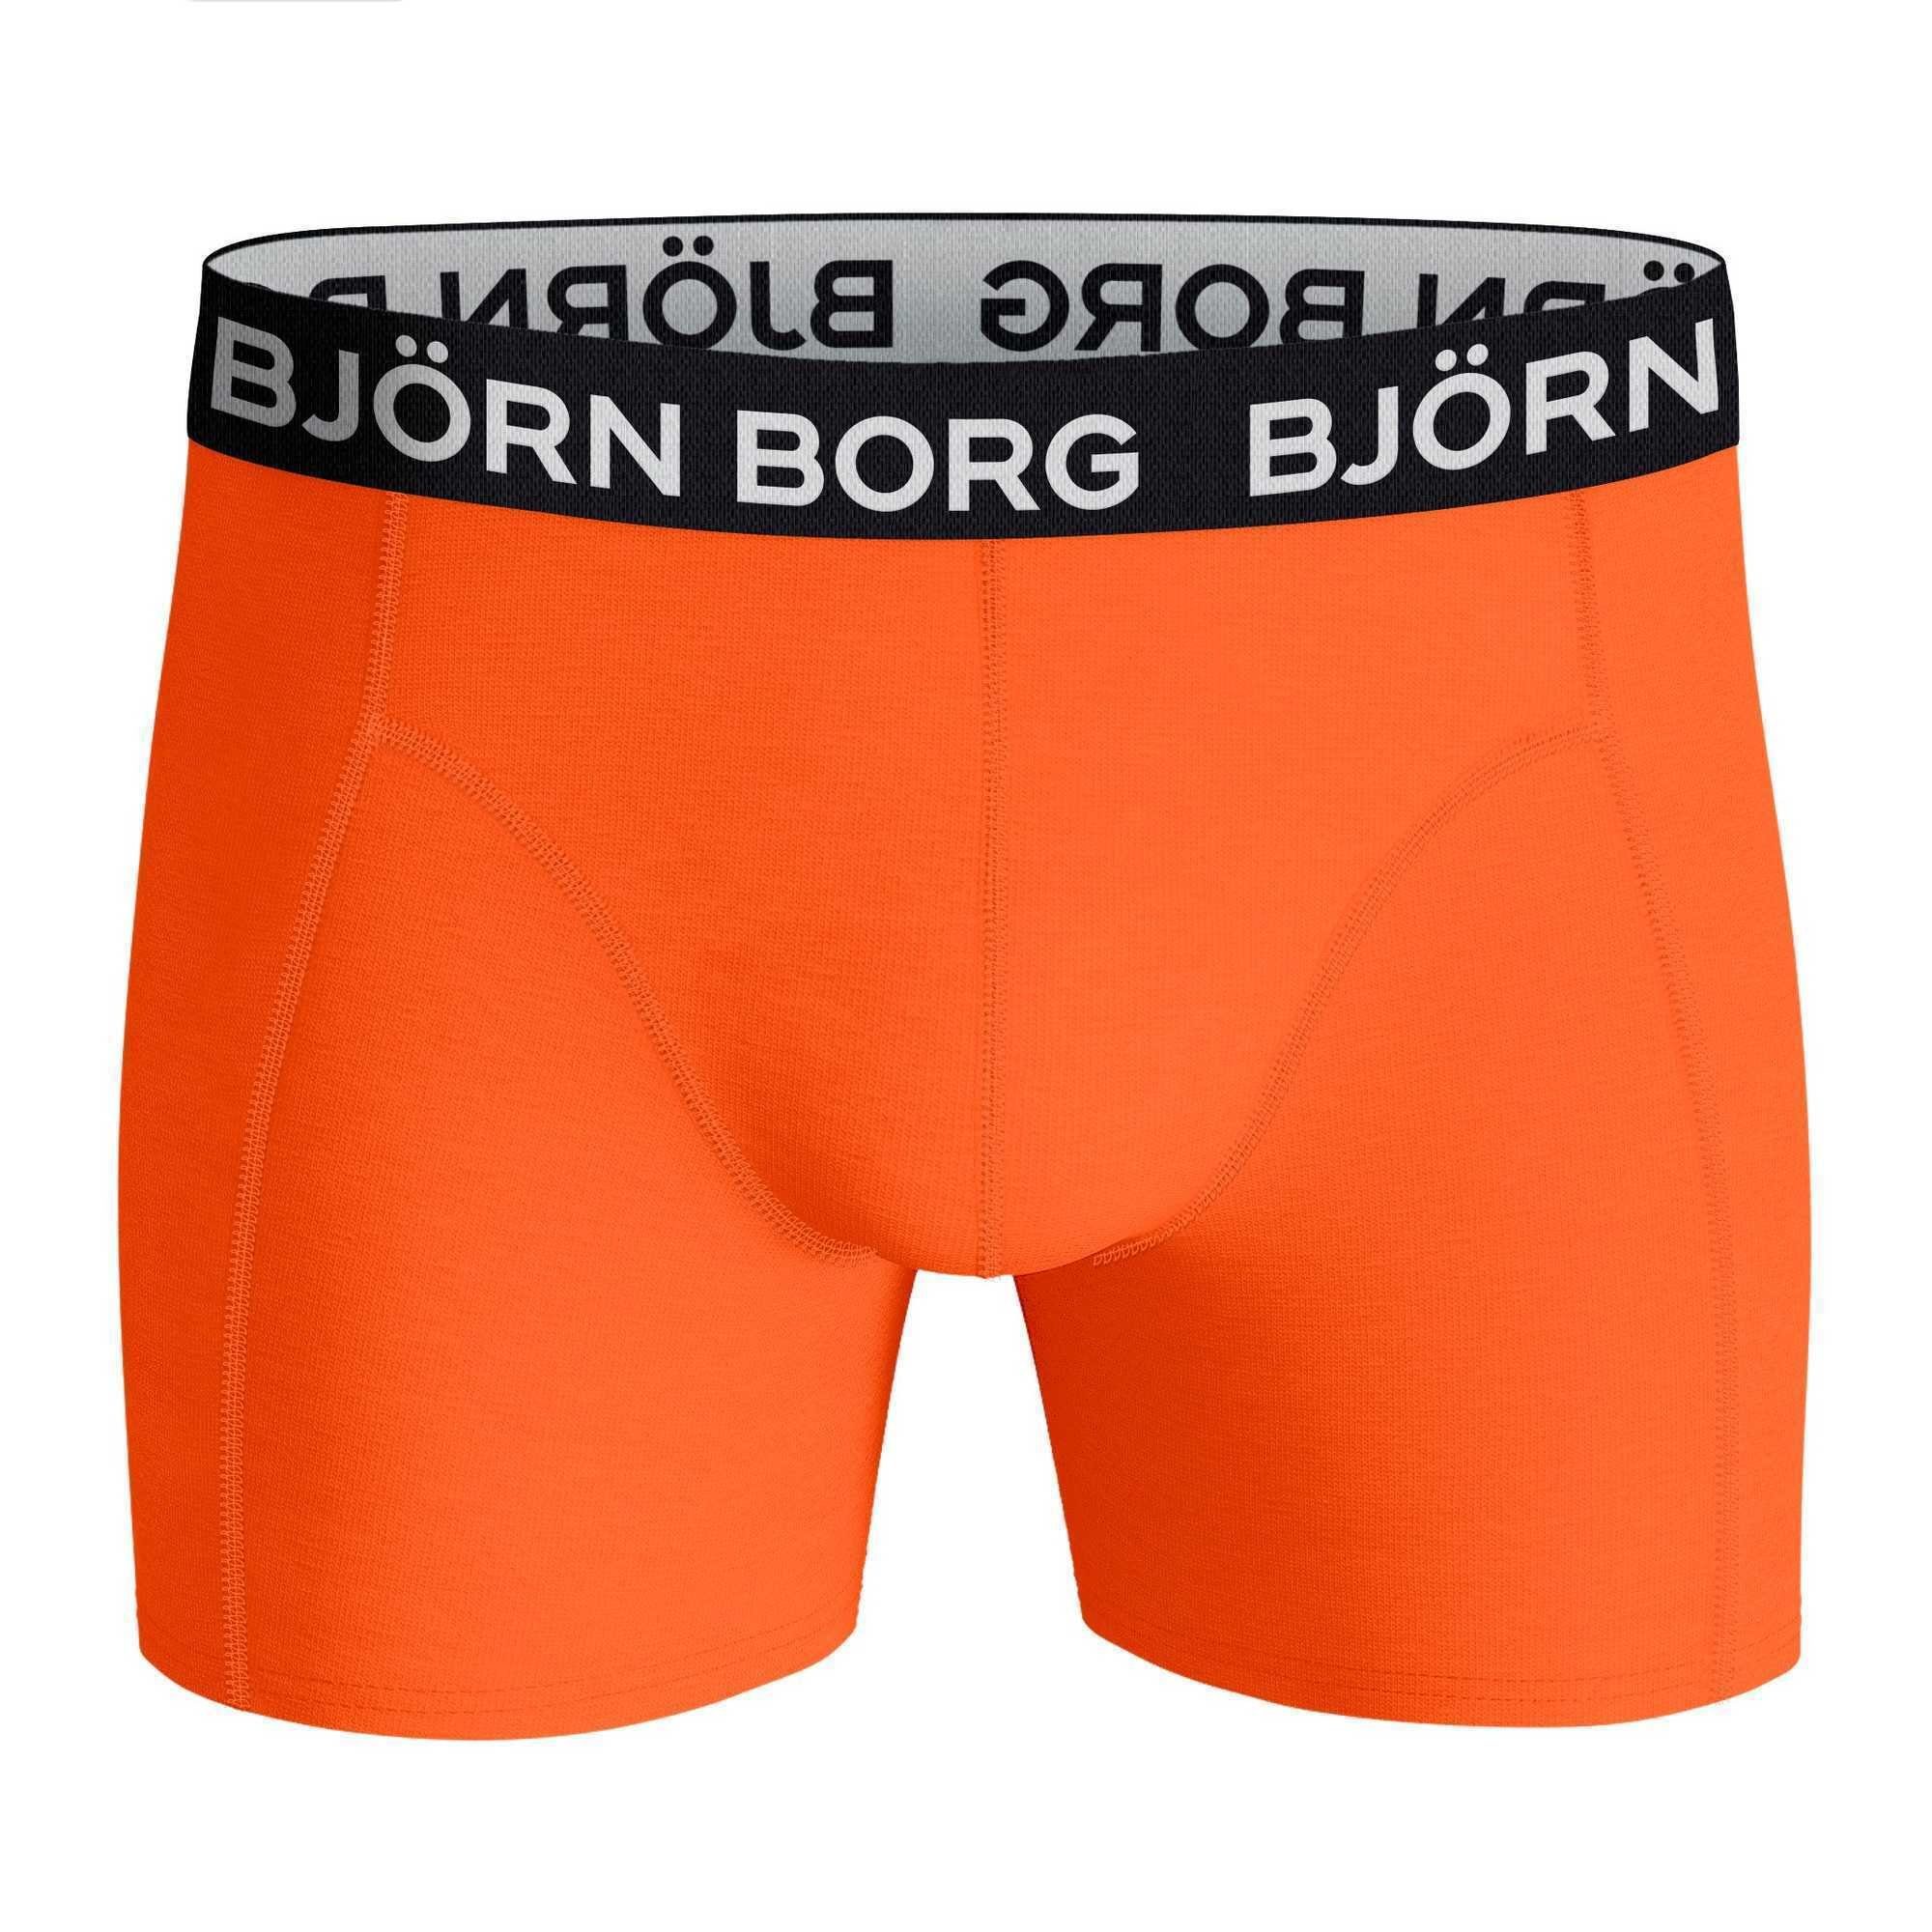 Herren Unterwäsche 5er Borg Björn Boxer - Hellblau/Dunkelblau/Orange/Dunkelgrau Pack Boxershorts,
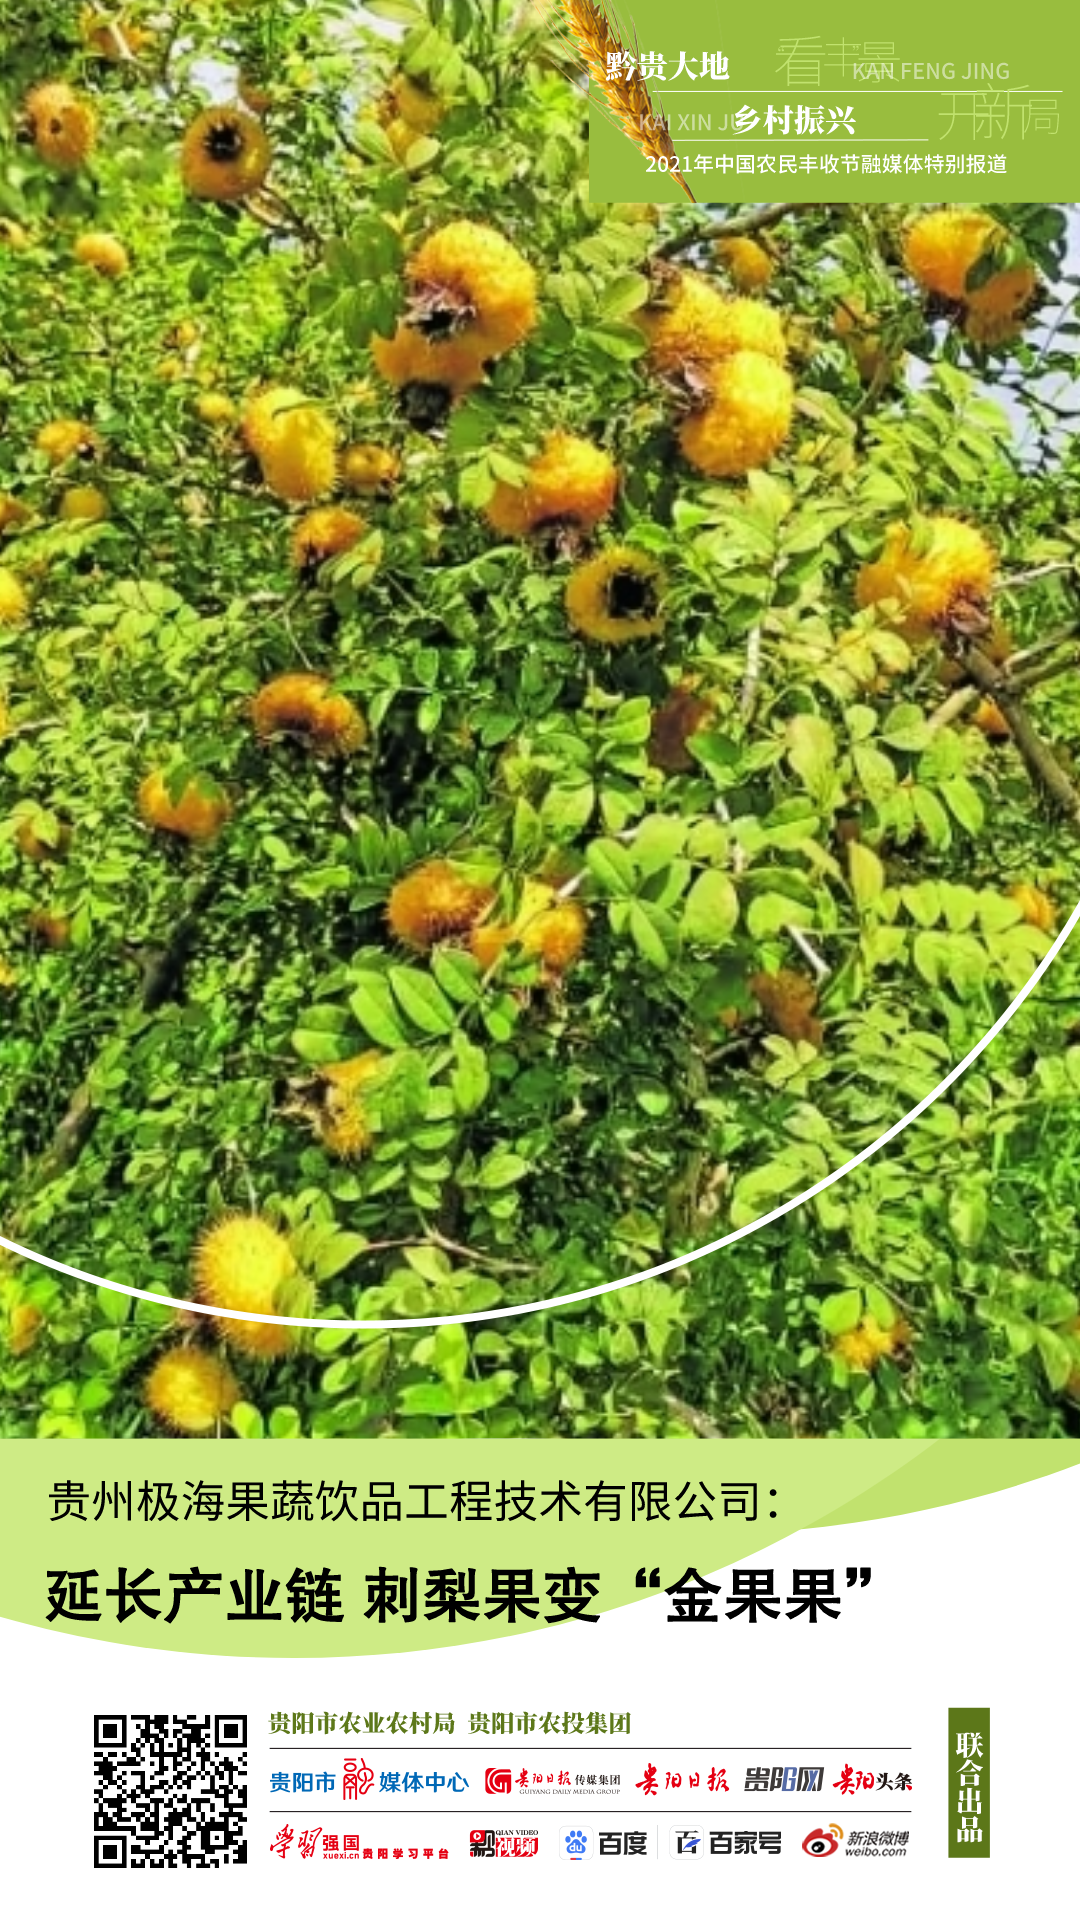 贵州极海果蔬饮品工程技术有限公司：延长产业链 刺梨果变“金果果”
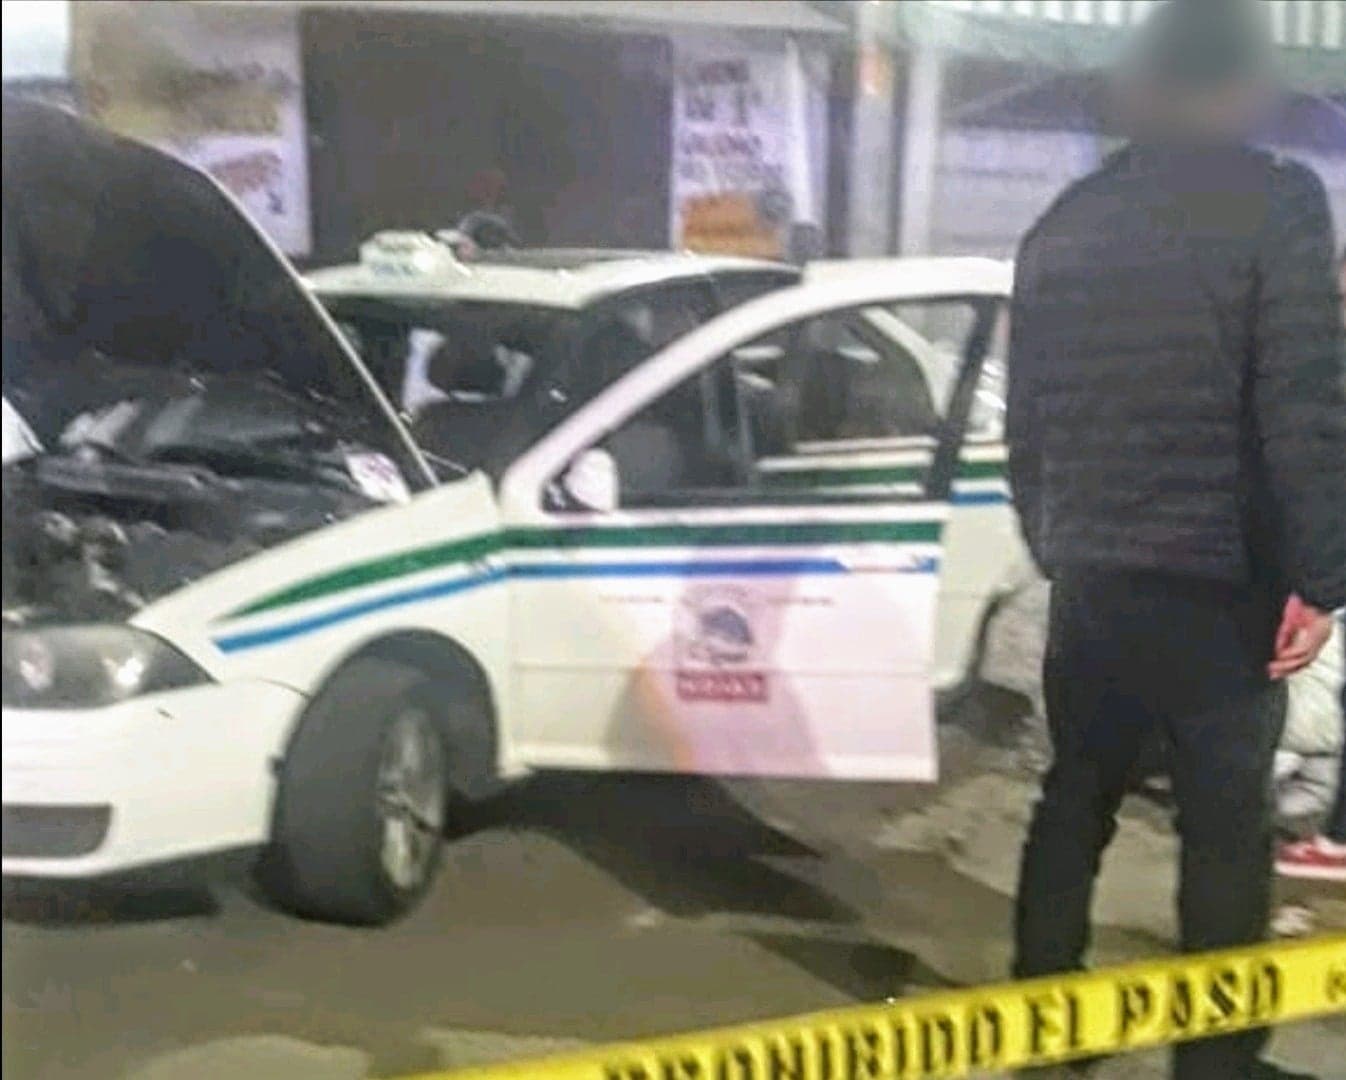 Taxista sobrevive a atentado en la zona poniente de Morelia, Michoacán
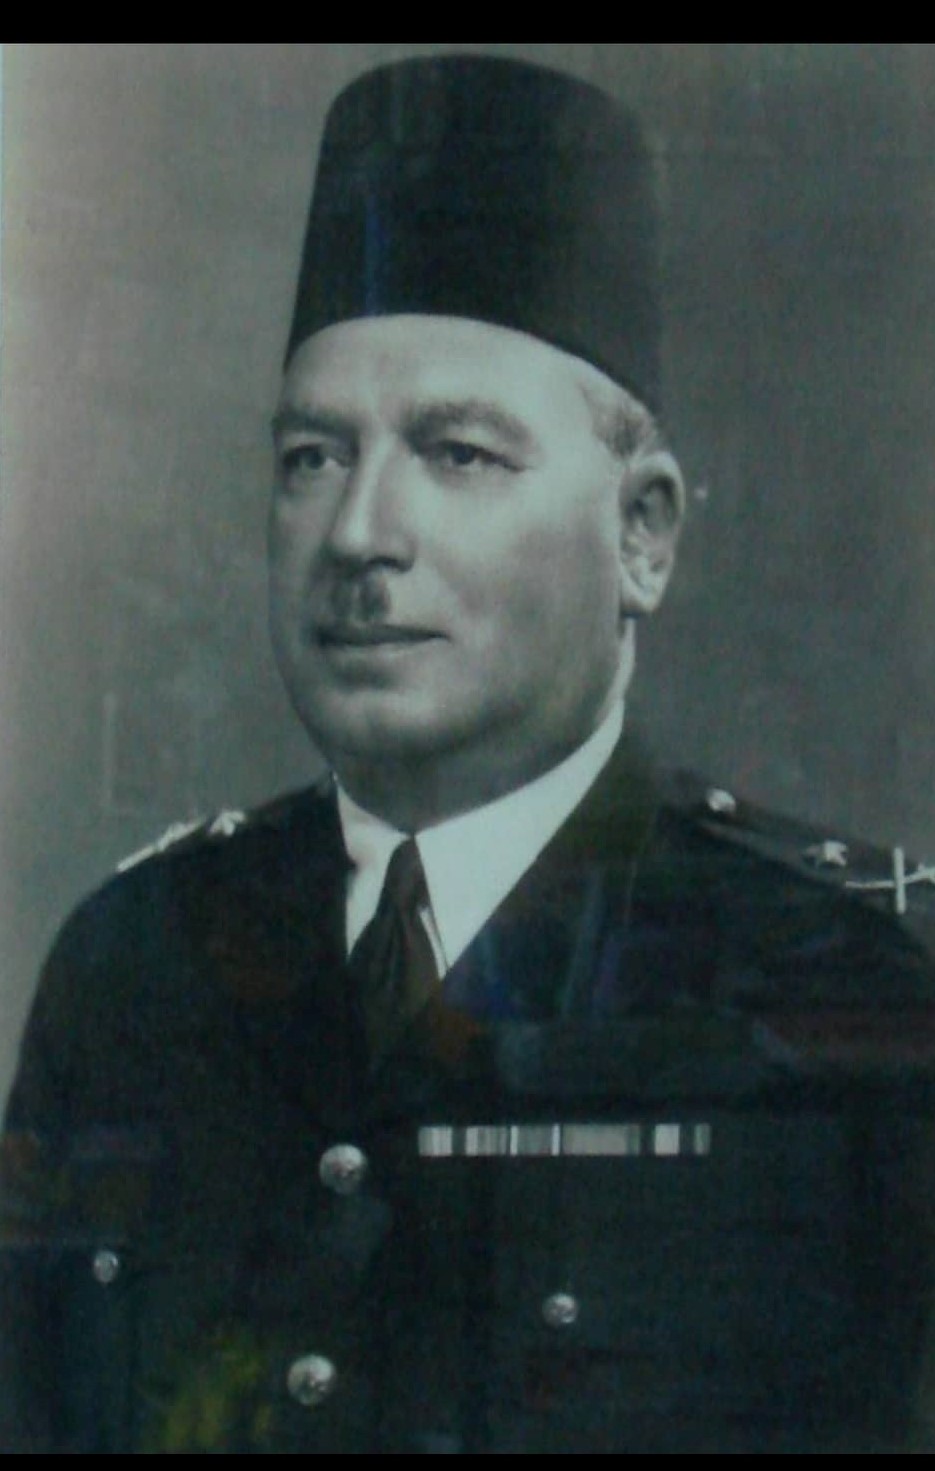 اللواء أحمد رائف قائد قوات الشرطة المصرية فى معركة الإسماعيلية فى 25 يناير 1952

» **Problem requirements**:
Above is a listing with pictures. Write it out exactly without them.

» **Response area**:
 Herren Unterwäsche 5er Borg Björn Boxer - Hellblau/Dunkelblau/Orange/Dunkelgrau Pack Boxershorts,
 贵州极海果蔬饮品工程技术有限公司：延长产业链 刺梨果变“金果果”
 Taxista sobrevive a atentado en la zona poniente de Morelia, Michoacán
 اللواء أحمد رائف قائد قوات الشرطة المصرية فى معركة الإسماعيلية فى 25 يناير 1952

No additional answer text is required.